■ Work required
Look in the data below for the line that contains "Böszörményi Gyula - Rákos". Copy that line and the remaining lines exactly.

#### The input

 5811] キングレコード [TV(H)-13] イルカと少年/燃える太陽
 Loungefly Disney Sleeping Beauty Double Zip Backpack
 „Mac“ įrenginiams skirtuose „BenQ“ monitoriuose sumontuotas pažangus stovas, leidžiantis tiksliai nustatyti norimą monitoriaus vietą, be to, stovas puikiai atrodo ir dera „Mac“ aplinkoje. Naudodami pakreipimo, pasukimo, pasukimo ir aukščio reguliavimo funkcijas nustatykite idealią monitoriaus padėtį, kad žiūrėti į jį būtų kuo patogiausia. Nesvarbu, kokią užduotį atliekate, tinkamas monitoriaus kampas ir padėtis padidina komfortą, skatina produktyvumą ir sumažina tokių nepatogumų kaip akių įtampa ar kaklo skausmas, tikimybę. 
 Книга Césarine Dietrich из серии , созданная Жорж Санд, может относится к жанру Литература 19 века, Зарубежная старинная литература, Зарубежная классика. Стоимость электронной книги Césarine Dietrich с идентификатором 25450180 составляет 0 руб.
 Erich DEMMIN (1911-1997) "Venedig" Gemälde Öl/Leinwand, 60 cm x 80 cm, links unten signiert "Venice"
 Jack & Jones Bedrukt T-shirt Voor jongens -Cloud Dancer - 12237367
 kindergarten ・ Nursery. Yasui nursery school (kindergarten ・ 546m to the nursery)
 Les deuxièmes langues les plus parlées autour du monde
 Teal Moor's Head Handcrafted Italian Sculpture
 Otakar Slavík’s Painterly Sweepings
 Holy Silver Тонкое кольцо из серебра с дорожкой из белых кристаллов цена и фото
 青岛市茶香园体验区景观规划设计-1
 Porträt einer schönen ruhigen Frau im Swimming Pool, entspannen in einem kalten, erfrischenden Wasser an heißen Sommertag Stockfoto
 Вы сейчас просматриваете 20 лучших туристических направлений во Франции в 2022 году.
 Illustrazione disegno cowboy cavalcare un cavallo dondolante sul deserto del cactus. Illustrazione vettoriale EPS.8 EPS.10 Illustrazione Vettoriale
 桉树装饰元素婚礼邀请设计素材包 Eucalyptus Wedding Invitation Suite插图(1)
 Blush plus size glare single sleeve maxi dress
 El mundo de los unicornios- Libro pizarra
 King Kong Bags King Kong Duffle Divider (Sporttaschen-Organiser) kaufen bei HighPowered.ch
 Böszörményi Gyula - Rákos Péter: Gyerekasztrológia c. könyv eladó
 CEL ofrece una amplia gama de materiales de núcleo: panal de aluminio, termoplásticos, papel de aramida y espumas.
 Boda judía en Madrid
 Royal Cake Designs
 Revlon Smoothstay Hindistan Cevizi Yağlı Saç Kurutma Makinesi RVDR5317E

########

■ Answer box
 Böszörményi Gyula - Rákos Péter: Gyerekasztrológia c. könyv eladó
 CEL ofrece una amplia gama de materiales de núcleo: panal de aluminio, termoplásticos, papel de aramida y espumas.
 Boda judía en Madrid
 Royal Cake Designs
 Revlon Smoothstay Hindistan Cevizi Yağlı Saç Kurutma Makinesi RVDR5317E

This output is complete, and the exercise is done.